The revelation I had doesn't so much deal with wondering about memories or reassessing my youth as it does with why we feel so nostalgic when such memories pop up. The revelation goes a bit like this:
First, I know that music can be an incredibly powerful tool insofar as churning up memories are concerned. Second, I know that those memories with strong emotions (good or neutral emotions such as those that give you a "warm fuzzy" feeling) attached to them can lead to deep feelings of nostalgia. The question I posed to myself was "Why does this happen?" So, I thought about it for a while. Using a combination of inductive and deductive reasoning coupled with personal thoughts and feelings, I came up with my hypothesis. That hypothesis is, when we are young, specifically when we are teenagers, we are transitioning from childhood to adulthood. During that transition, we are going through several difficult periods concurrently. Physically, we are going through puberty. Socially and emotionally, we are dealing with becoming aware of the opposite sex, dating, and, generally, the whole high school social period. Intellectually, our thinking is being transformed from the learning by recitation model of primary education into the critical thinking model of secondary education and adulthood. Generally, we enter, traverse, and exit this entire period in less than ten years (that is from the start of puberty to its end). To experience this massive upheaval and change in less than ten years means that the changes we are experiencing and information we are gathering about ourselves and the world around us happens extremely rapidly. This rapidity means that certain things get lost, forgotten or ignored. Couple the lost, forgotten, or ignored items with a teenager's desire to "cool" and aloof or with (as I put it) their inability to be anything but egocentric and you can begin to see that during our teen years we neither have the emotional maturity, nor the intellectual maturity, to appreciate the subtleties of the world around us. Couple that immaturity with the fact that the world around them is coming at them at an alarming rate, and you can see how the average teen may miss a few things. Now, one thing that any parent will agree with, is that the average teen doesn't miss much in the way of popular music. As we already know, music is a powerful memory agent.

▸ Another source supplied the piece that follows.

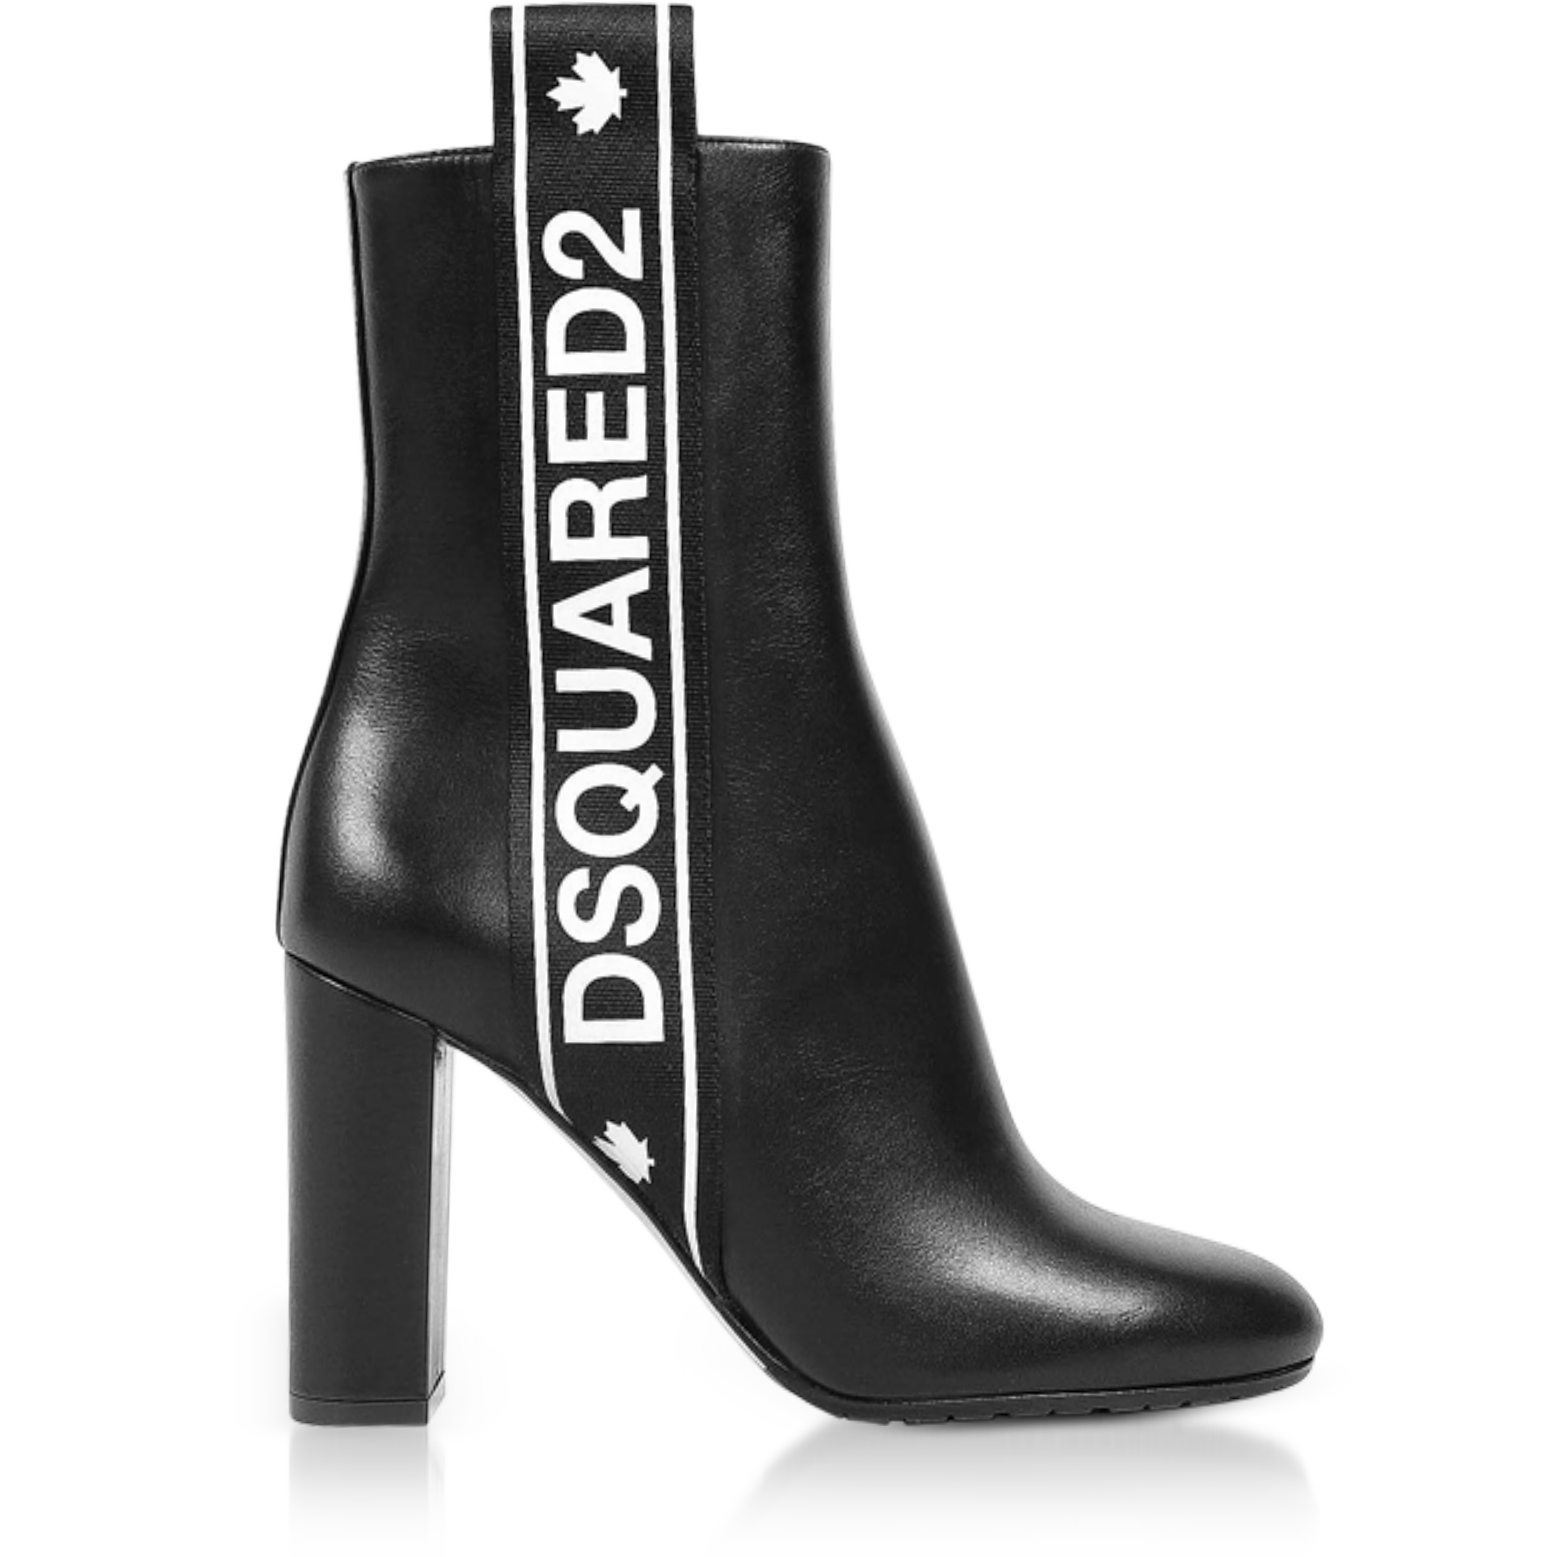 boots dsquared
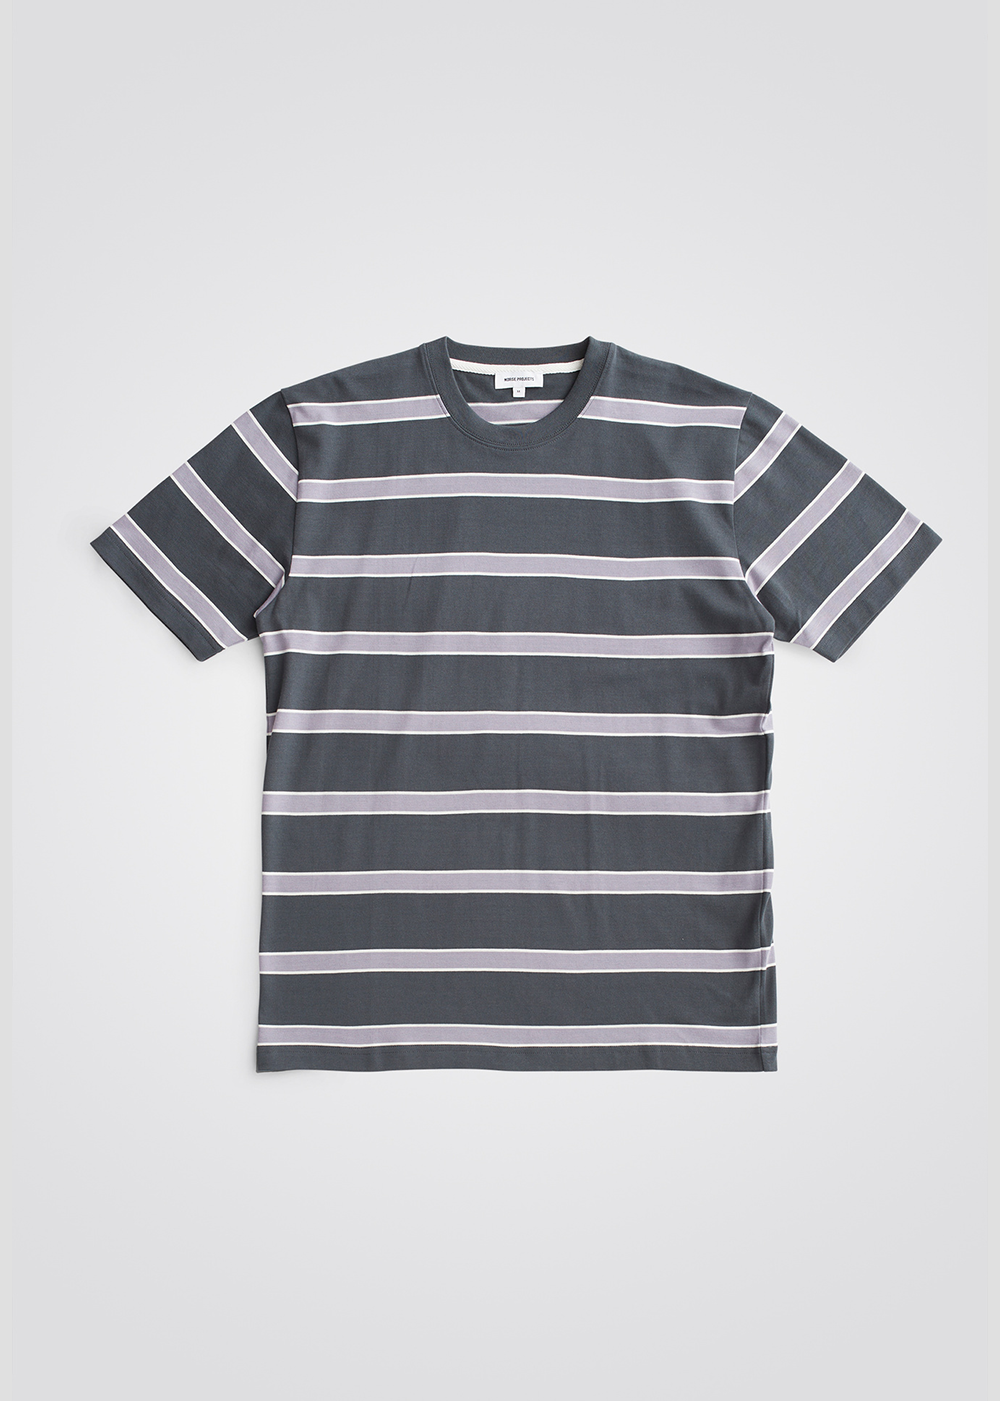 Front view of the Johannes Organic Multicolor Striped T-Shirt by Norse Projects in Battleship Grey.

Now, leap forward to your 30's and 40's. Time has eliminated the bad memories of our youth and polished the good memories. Suddenly, on the local radio station, a song from your lost youth appears. All of those good memories, so carefully polished, come flooding back, and suddenly you find yourself longing for the "simpler days" of 1985. You invariably remember something like sharing a romantic dance with "Mary Jane Rottencrotch", but you never remember the 16 girls who turned you down flat for that dance because you were either not in the "right" clique or because you were an a/v geek. (This may pertain to people feeling nostalgic for their high school days, but college nostalgia may be looked upon as merely an extension of the same processes described above but with a bit more maturity involved.)
Thus it is my conclusion that nostalgia occurs for two reasons. The first reason is that as teenagers we are aware of our environment, most specifically social happenings and the music associated with them, but are either too overwhelmed or immature to appreciate it at the time. And the second reason is that, as adults, we have eliminated, repressed, or just plain forgotten, all of the unpleasant memories, retained and enhanced the good memories, and have learned how to appreciate the environment around us.
Those nostalgia-based industries I spoke of earlier have learned how to tap the second reason above. That is how they manage to sell people their products. So next time you are considering shelling out $20 for a "Best of" Decade X cd, think about the reasons you want the cd. While you may still get the cd, you may also get a bonus while thinking about your reasons for the purchase...you just may discover something about yourself you never knew. And that in itself is well worth the $20.
As always, I am Chuck and this has been a minor revelation (more than a surprising thought but less than an epiphany). (And now you also know why I majored in History and not Psych!!)